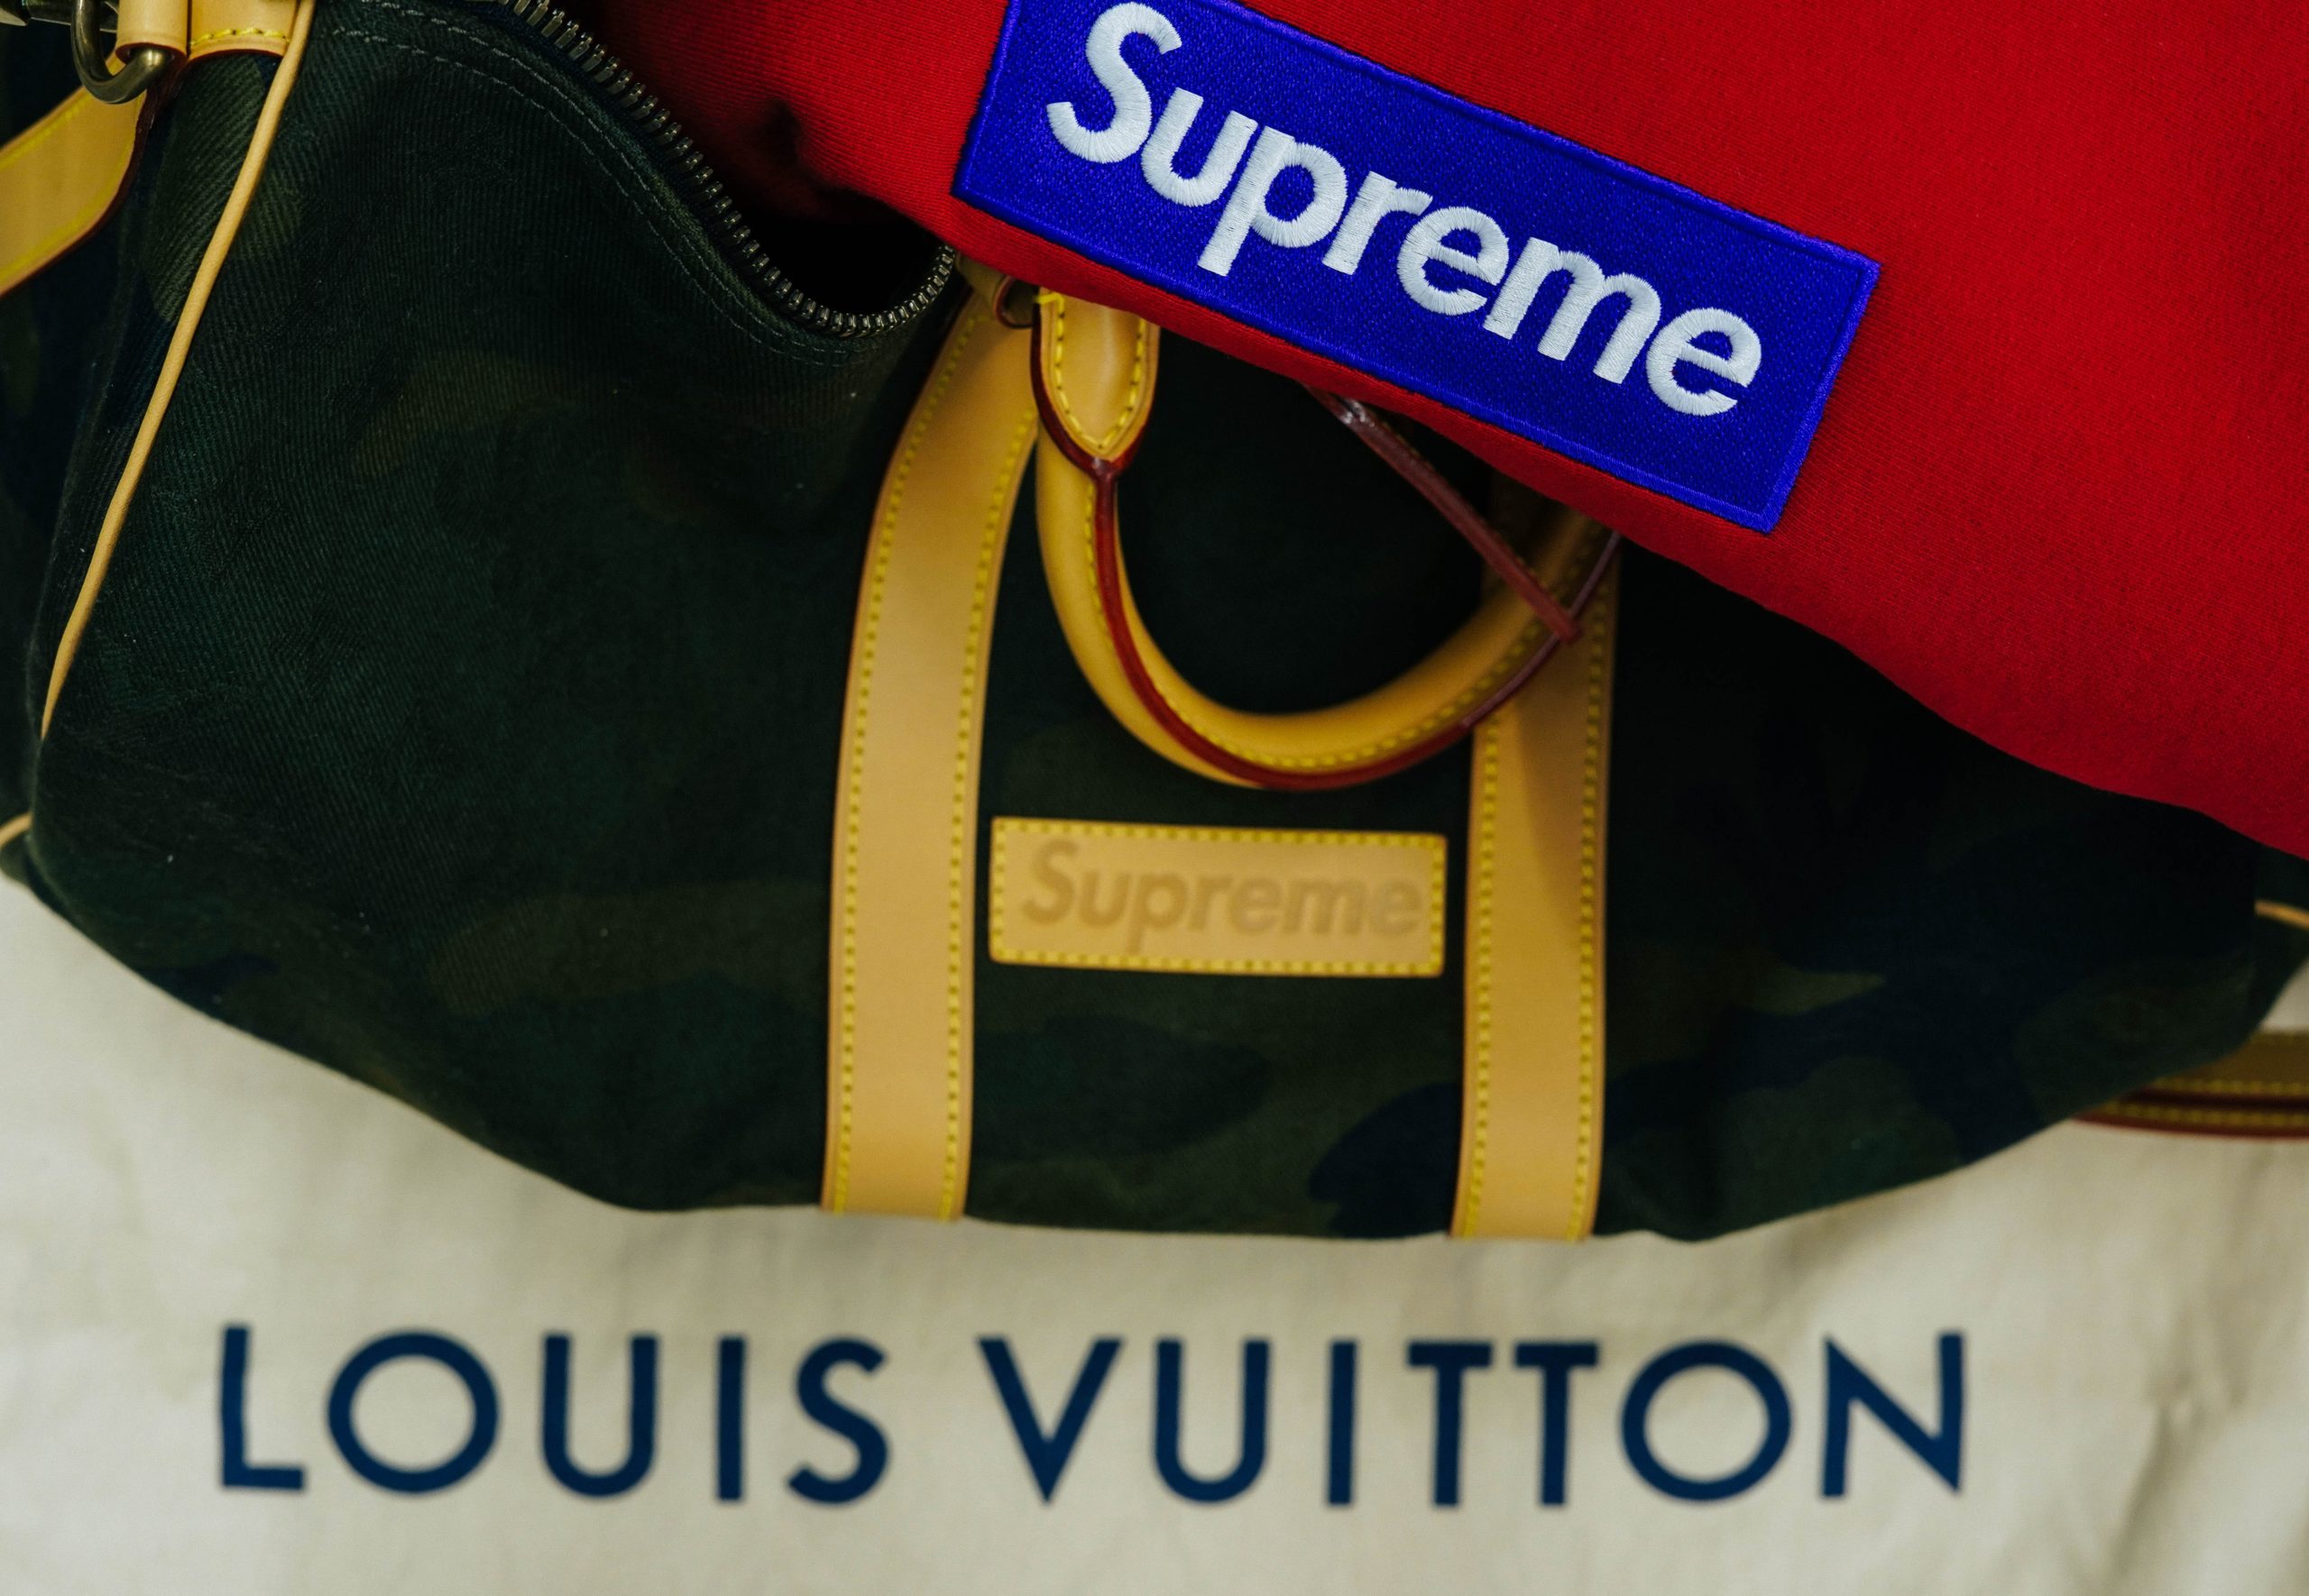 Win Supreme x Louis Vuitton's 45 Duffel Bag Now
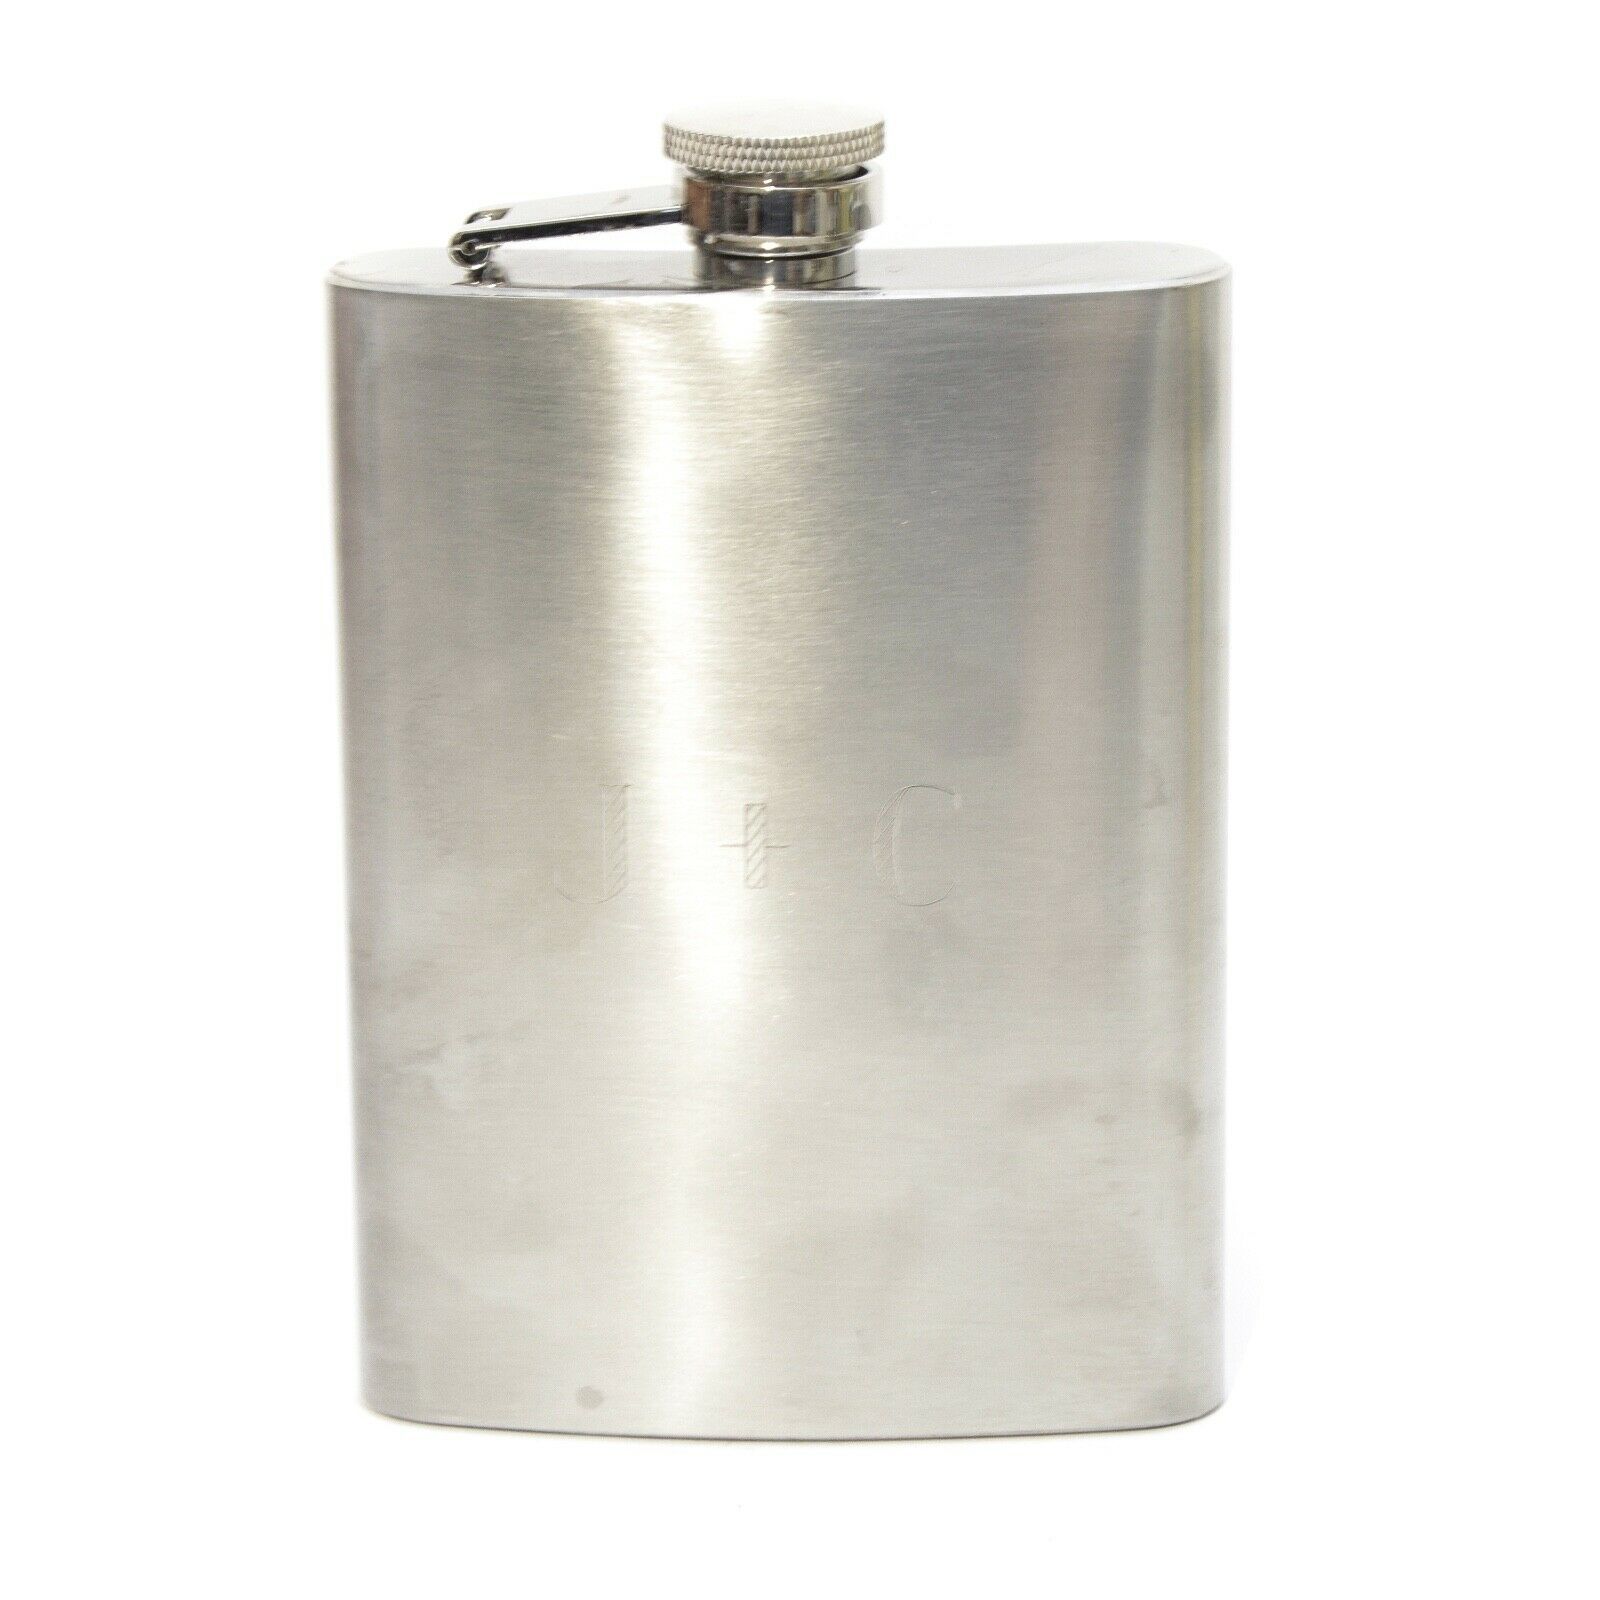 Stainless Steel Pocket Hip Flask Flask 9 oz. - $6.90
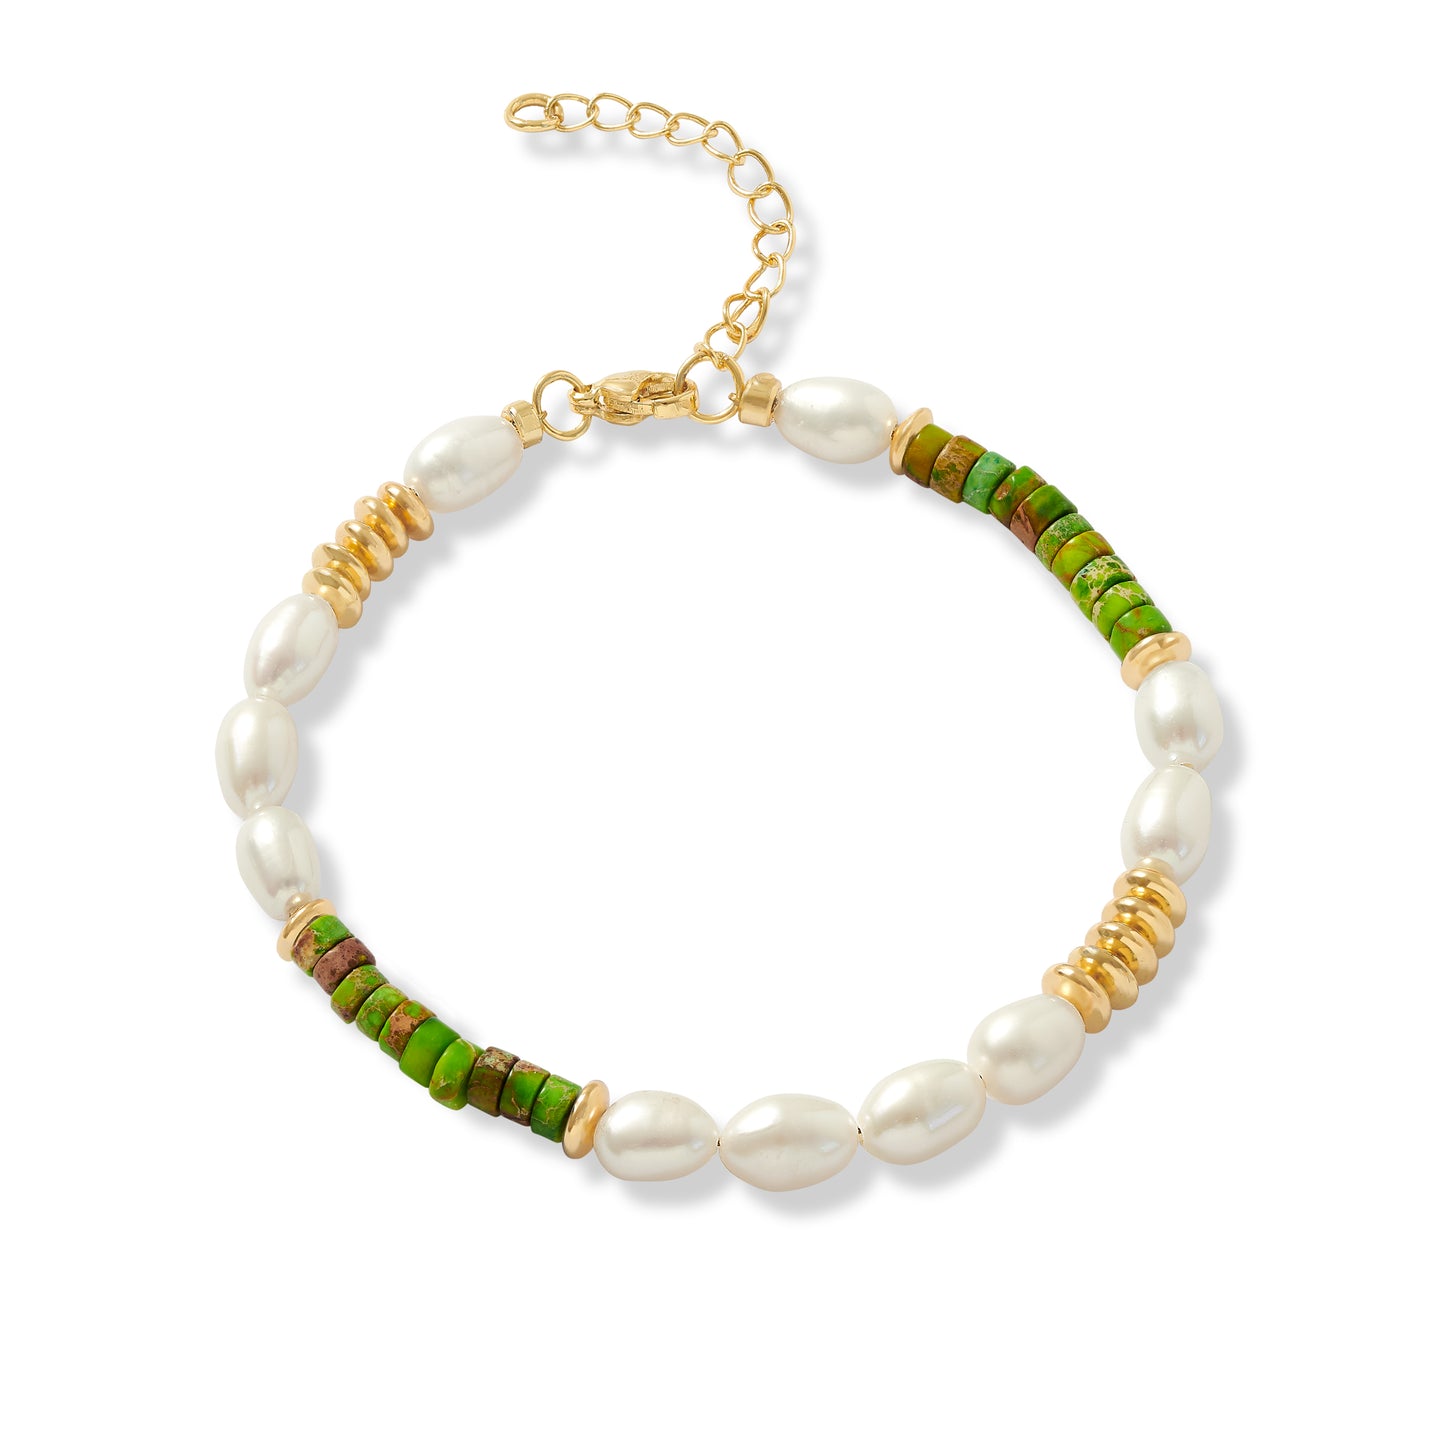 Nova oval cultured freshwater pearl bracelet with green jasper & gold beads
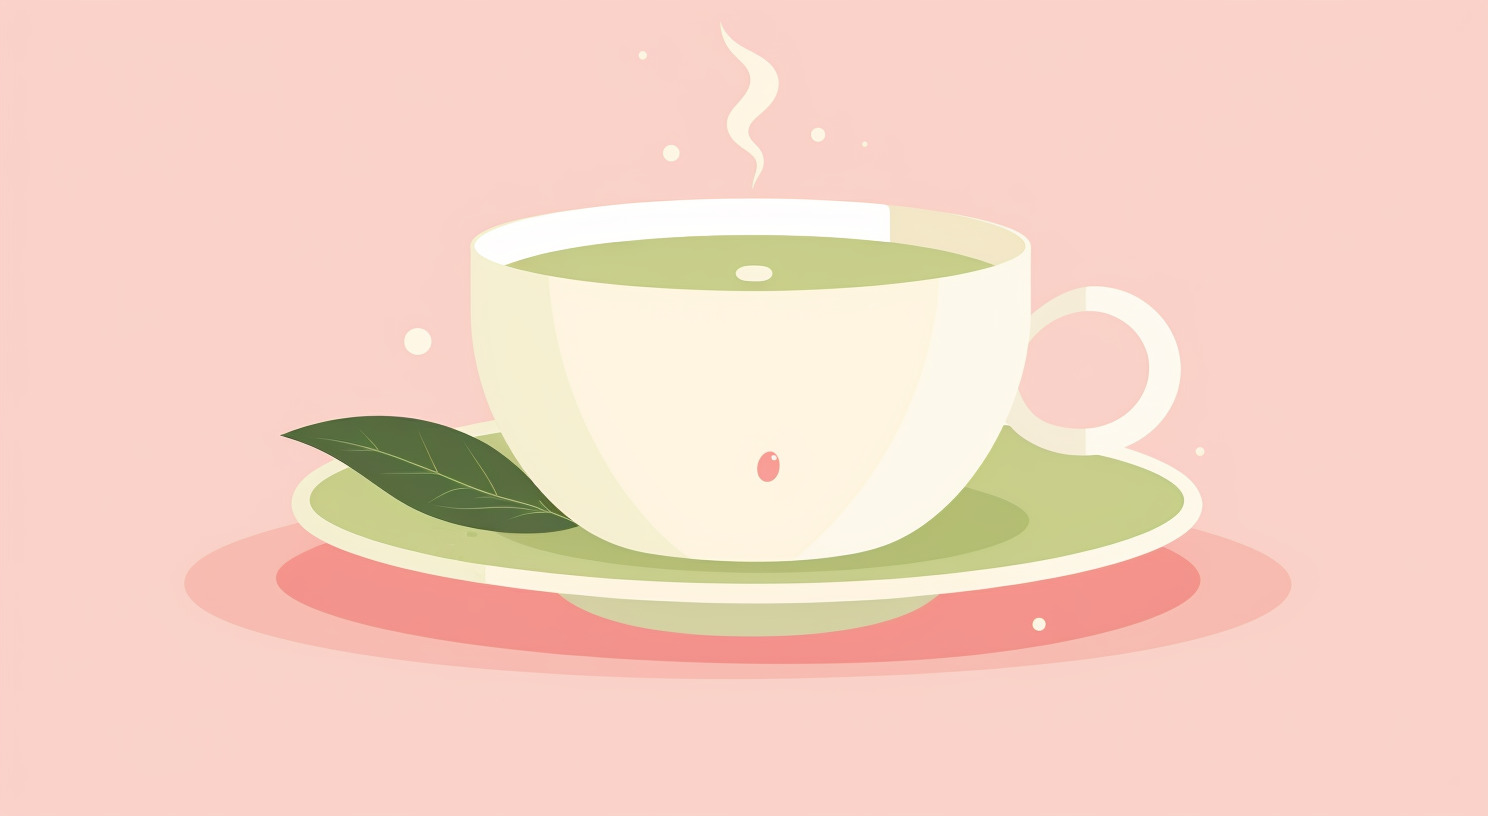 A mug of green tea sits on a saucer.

....

Prompt: Please set down the data above exactly as given, leaving every picture out.

Task response:
 Win Supreme x Louis Vuitton's 45 Duffel Bag Now
 Stainless Steel Pocket Hip Flask Flask 9 oz. - $6.90
 Nova oval cultured freshwater pearl bracelet with green jasper & gold beads
 A mug of green tea sits on a saucer.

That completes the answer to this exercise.